2. A not-for-profit corporation organized to act in such capacity, a
social services official, or public agency authorized to act in such
capacity which has a concern for the incapacitated person, and any
community guardian program operating pursuant to the provisions of title
three of article nine-B of the social services law which is found by the
court to be suitable to perform the duties necessary to assist the
incapacitated person may be appointed as guardian, provided that a
community guardian program shall be appointed as guardian only where a
special proceeding for the appointment of a guardian under this article
has been commenced by a social services official with whom such program
was contracted.
3. A corporation, except that no corporation (other than as provided
in paragraph two of this subdivision) may be authorized to exercise the
powers necessary to assist the incapacitated person with personal needs.

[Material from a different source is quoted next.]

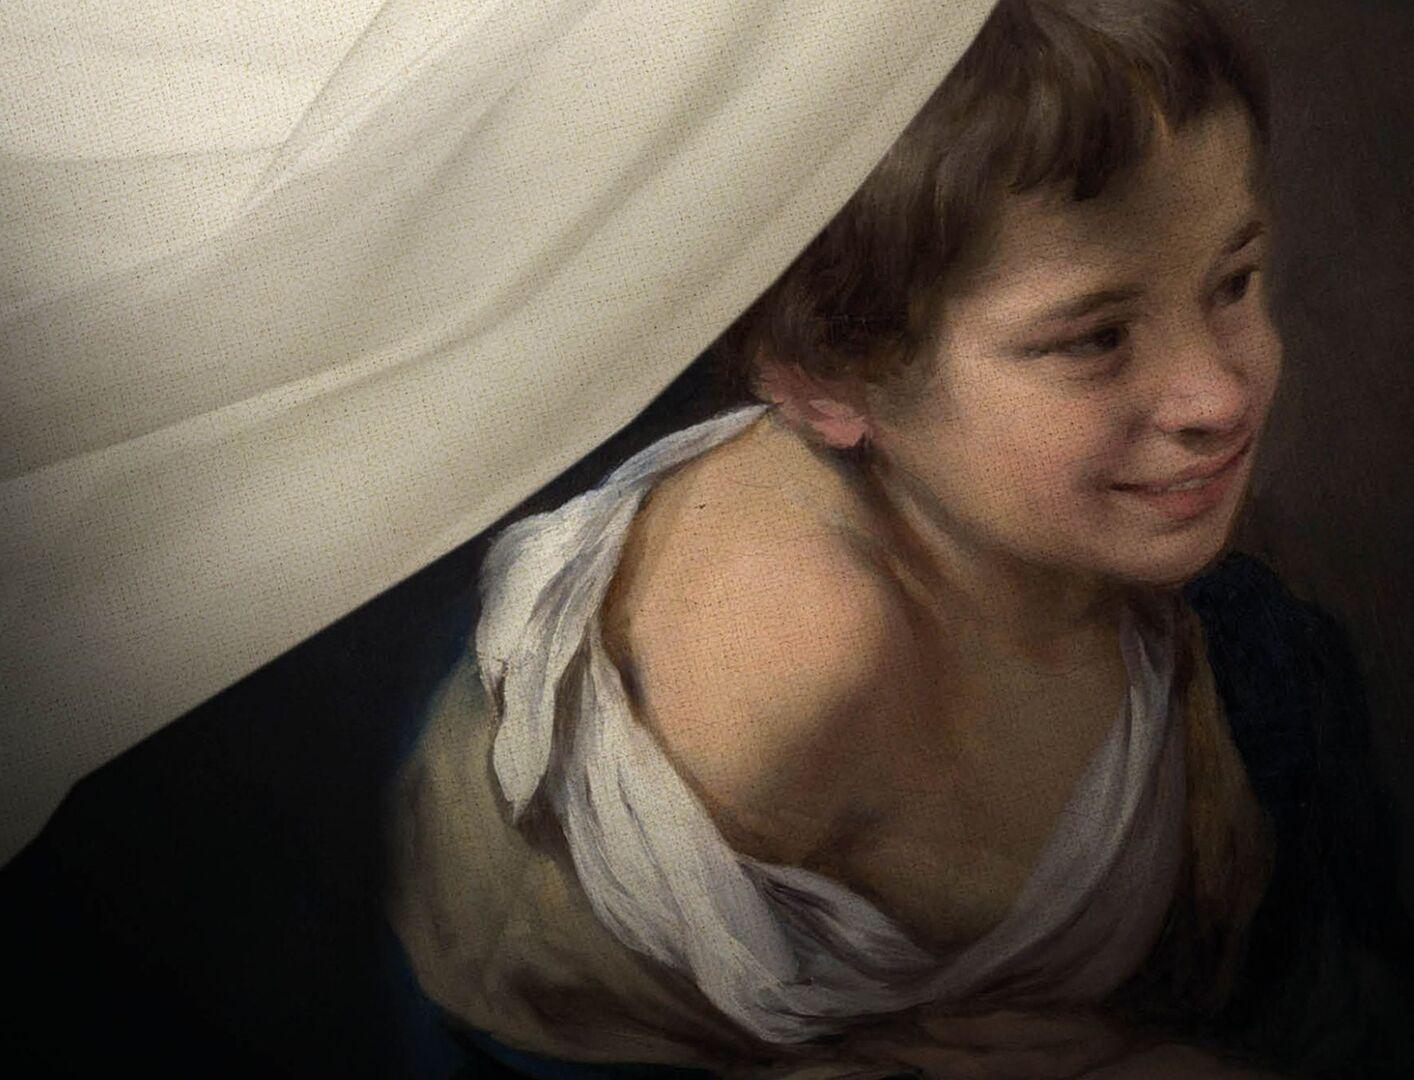 La tragedia que propició que Murillo fuese el mejor pintor de ...

(b) The court shall appoint a person nominated as the guardian in
accordance with the provisions of section 81.17 of this article unless
the court determines the nominee is unfit or the alleged incapacitated
person indicates that he or she no longer wishes the nominee to be
appointed.
(c) In the absence of a nomination in accordance with section 81.17 of
this article, the court shall appoint a person nominated by the person
alleged to be incapacitated orally or by conduct during the hearing or
trial unless the court determines for good cause that such appointment
is not appropriate.
(d) In making any appointment under this article the court shall
consider:
1. any appointment or delegation made by the person alleged to be
incapacitated in accordance with the provisions of section 5-1501,
5-1601 or 5-1602 of the general obligations law and sections two
thousand nine hundred sixty-five and two thousand nine hundred
eighty-one of the public health law;
2. the social relationship between the incapacitated person and the
person, if any, proposed as guardian, and the social relationship
between the incapacitated person and other persons concerned with the
welfare of the incapacitated person;
3. the care and services being provided to the incapacitated person at
the time of the proceeding;
4. the powers which the guardian will exercise;
5. the educational, professional and business experience relevant to
the nature of the services sought to be provided;
6. the nature of the financial resources involved;
7. the unique requirements of the incapacitated person; and
8. any conflicts of interest between the person proposed as guardian
and the incapacitated person.
(e) Unless the court finds that no other person or corporation is
available or willing to act as guardian, or to provide needed services
for the incapacitated person, the following persons or corporations may
not serve as guardian:
1. one whose only interest in the person alleged to be incapacitated
is that of a creditor;
2. one, other than a relative, who is a provider, or the employee of a
provider, of health care, day care, educational, or residential services
to the incapacitated person, whether direct or indirect.
(f) Mental hygiene legal service may not serve as a guardian.